## EXERCISE OBJECTIVE
Please reproduce the listing word for word. Pictures stay out.

## DATA SECTION
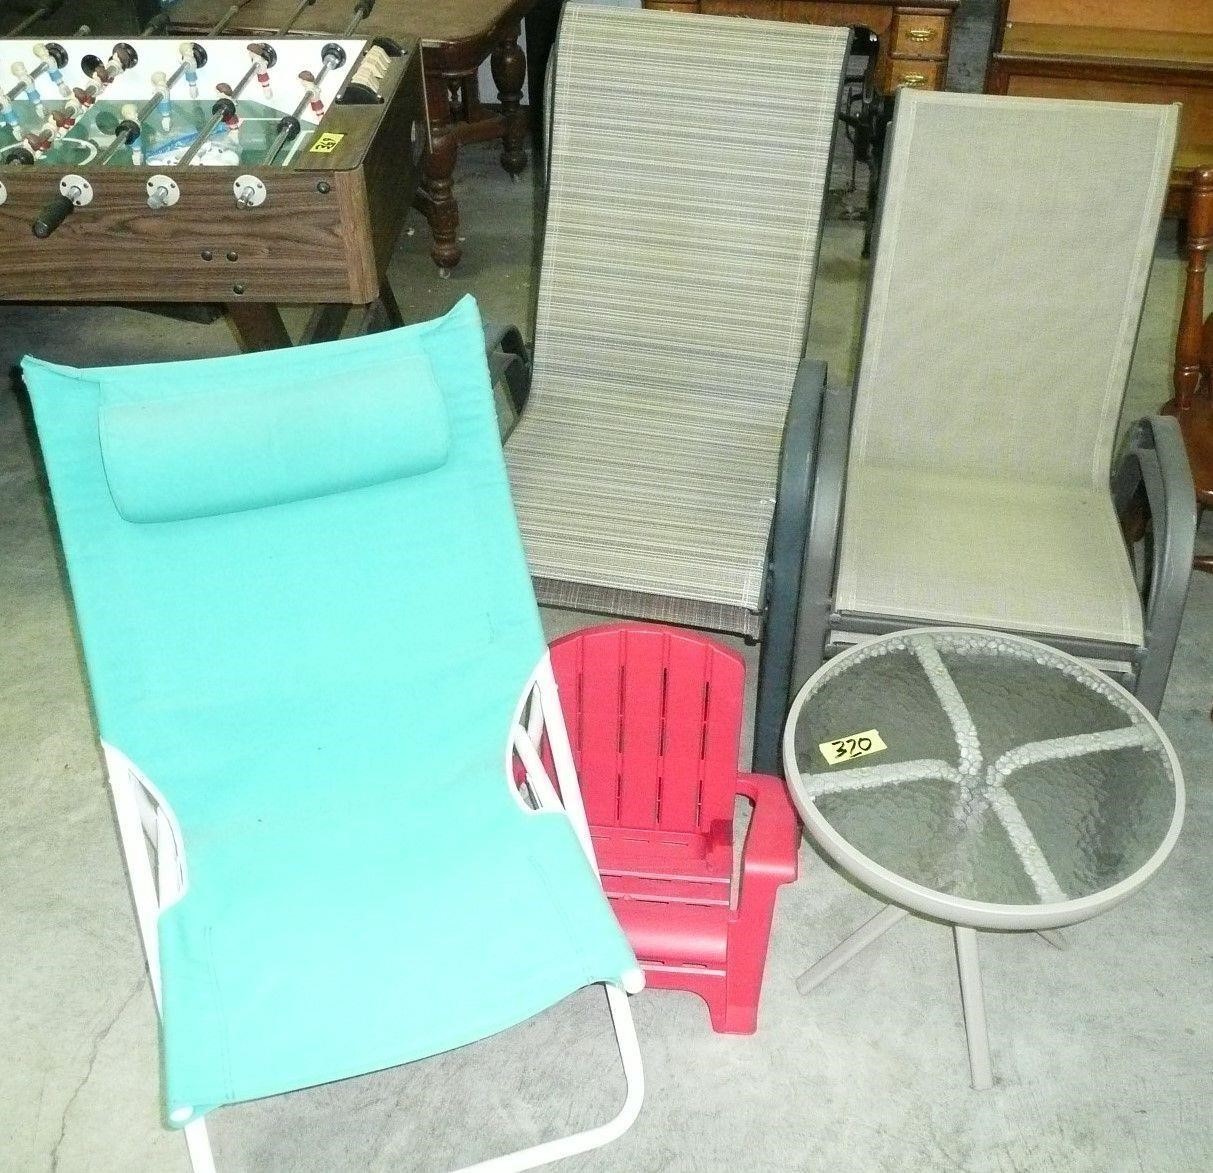 4 Strait Back Patio Chairs, Folding Chair, & more
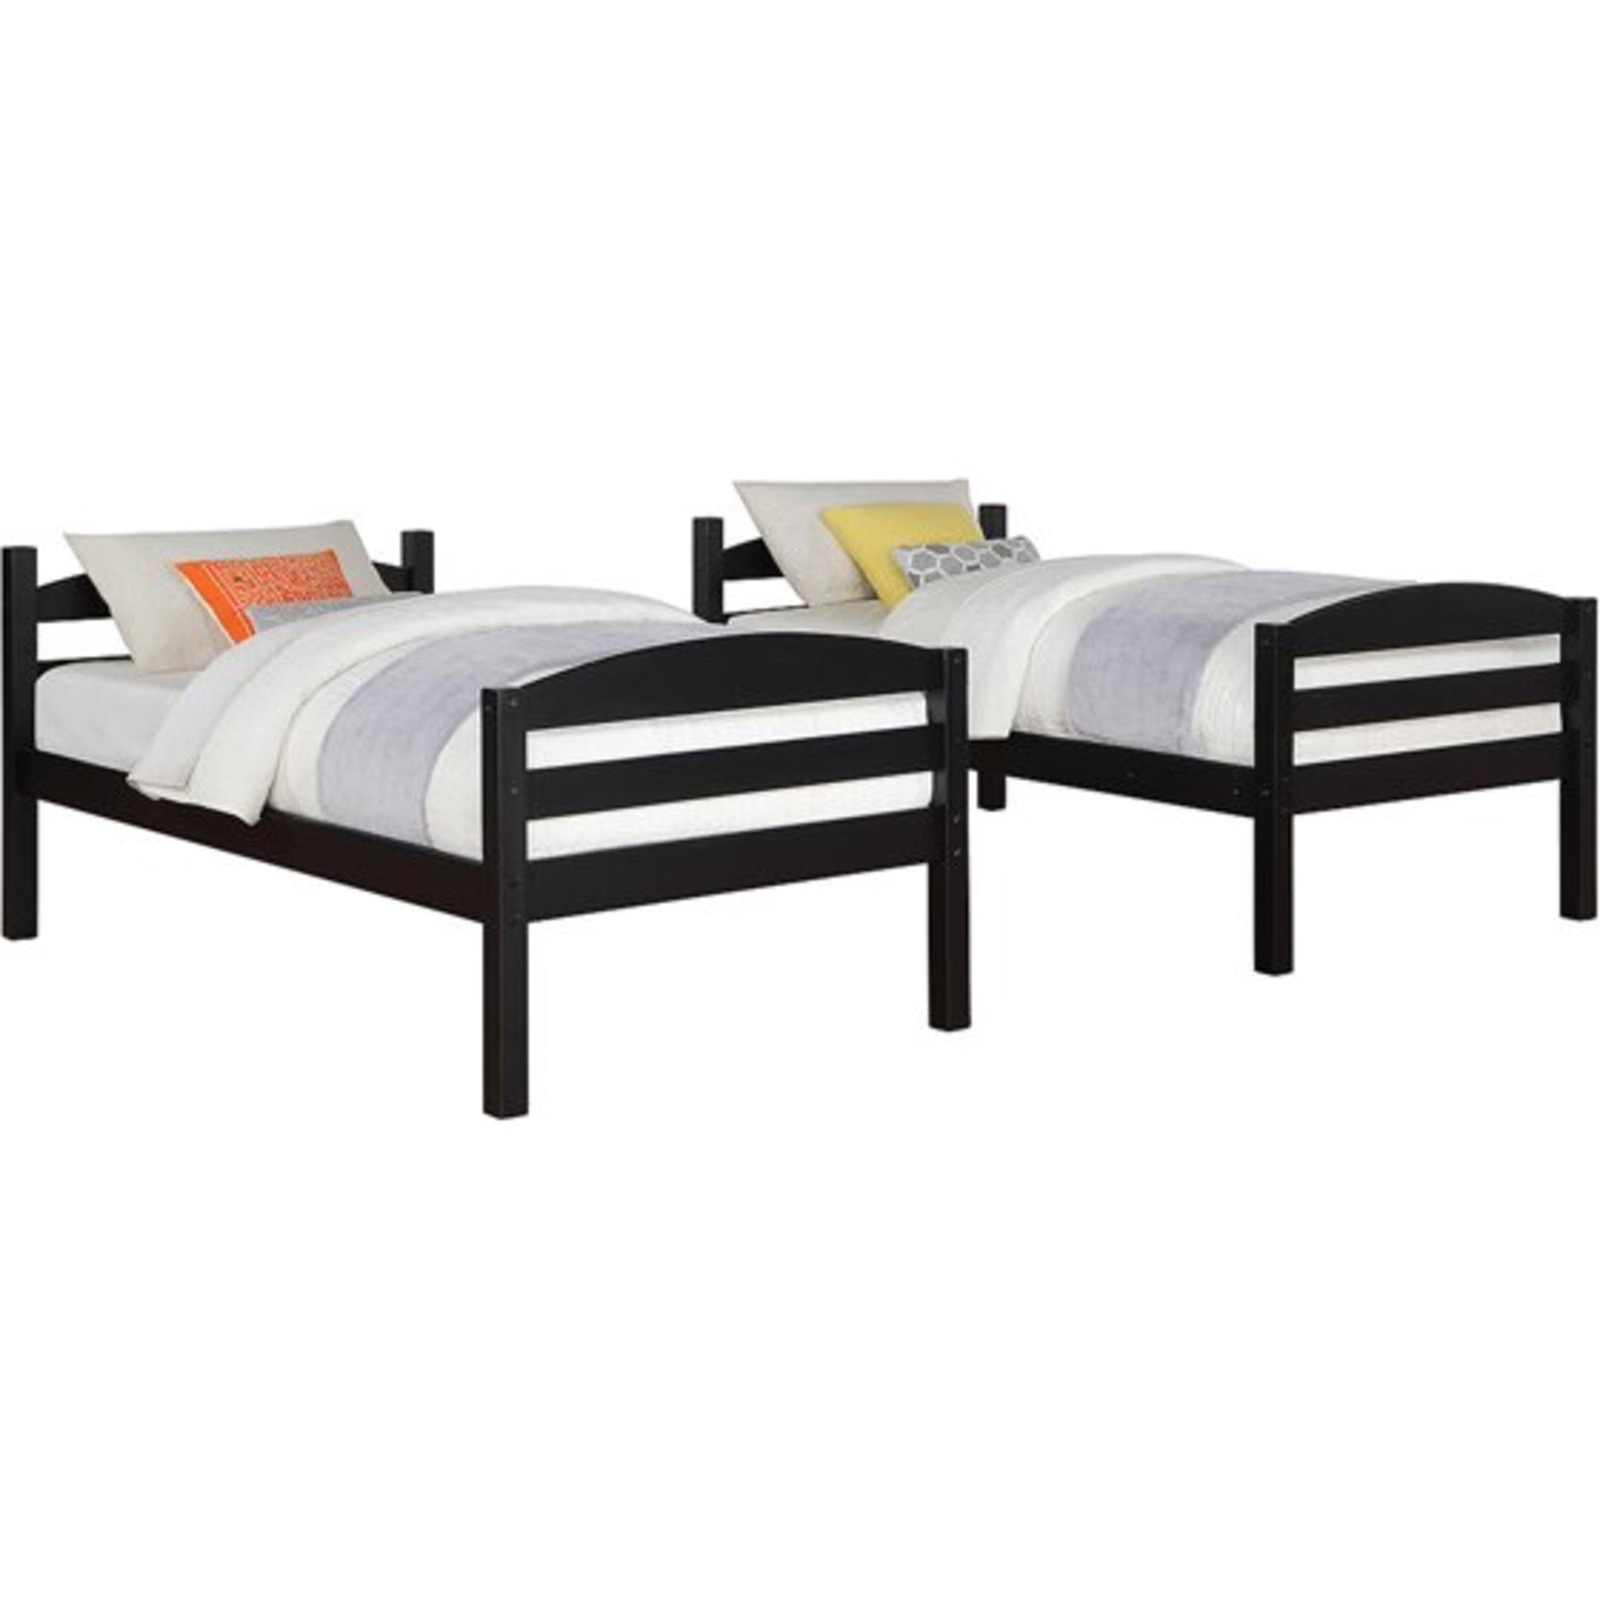 better homes and gardens leighton twin bed
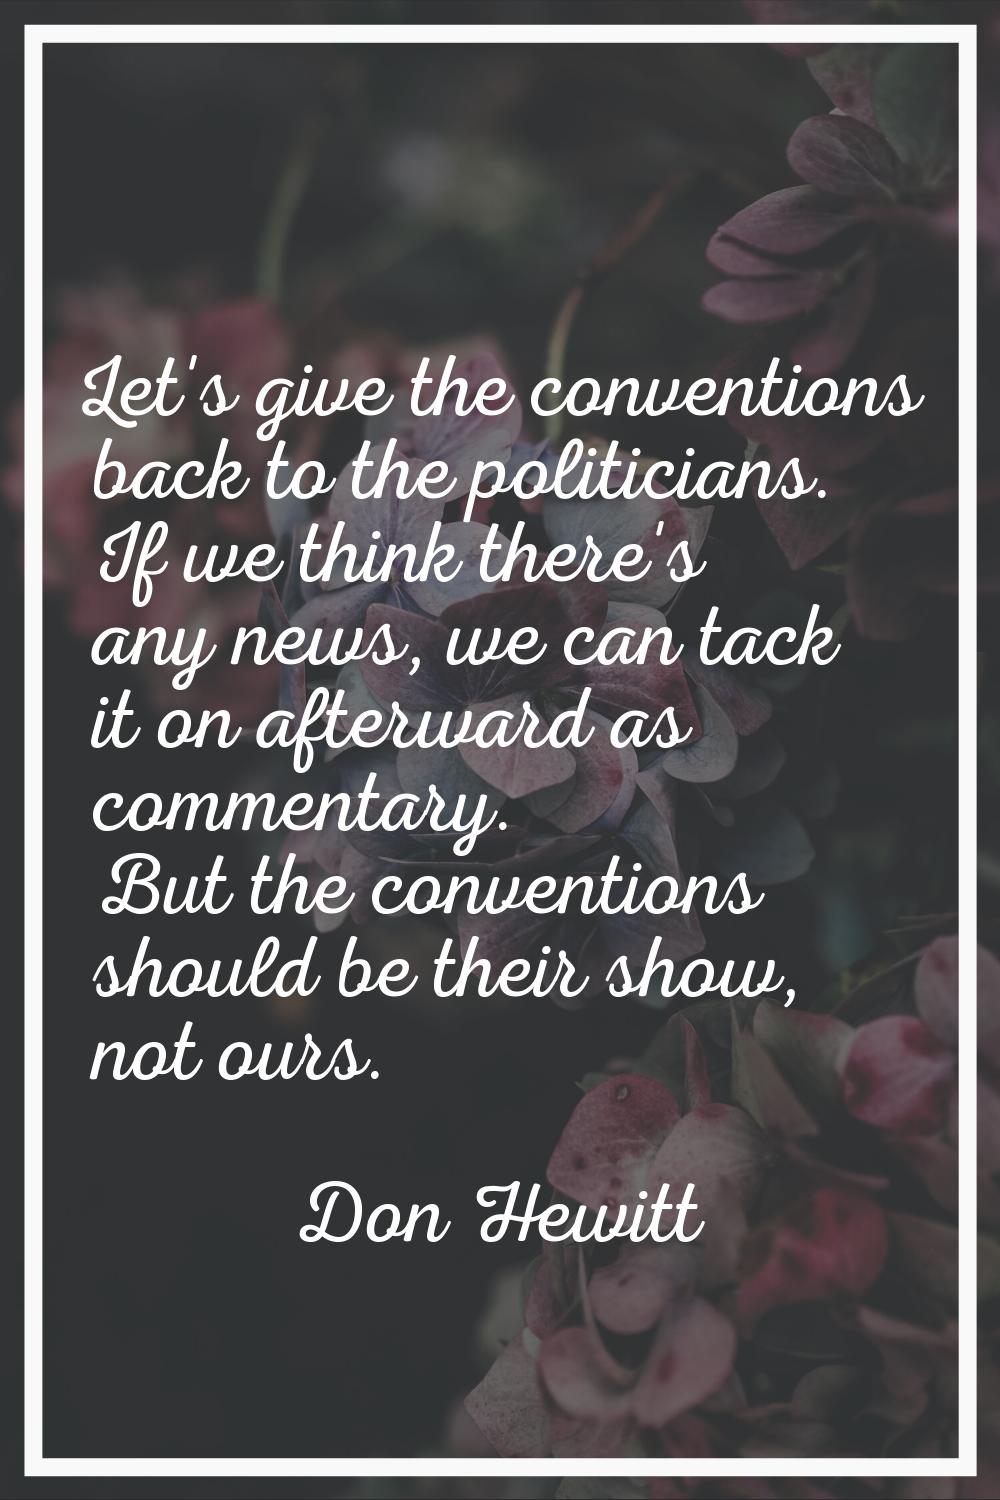 Let's give the conventions back to the politicians. If we think there's any news, we can tack it on

## REPLY TO THE TASK
 4 Strait Back Patio Chairs, Folding Chair, & more
 better homes and gardens leighton twin bed
 Let's give the conventions back to the politicians. If we think there's any news, we can tack it on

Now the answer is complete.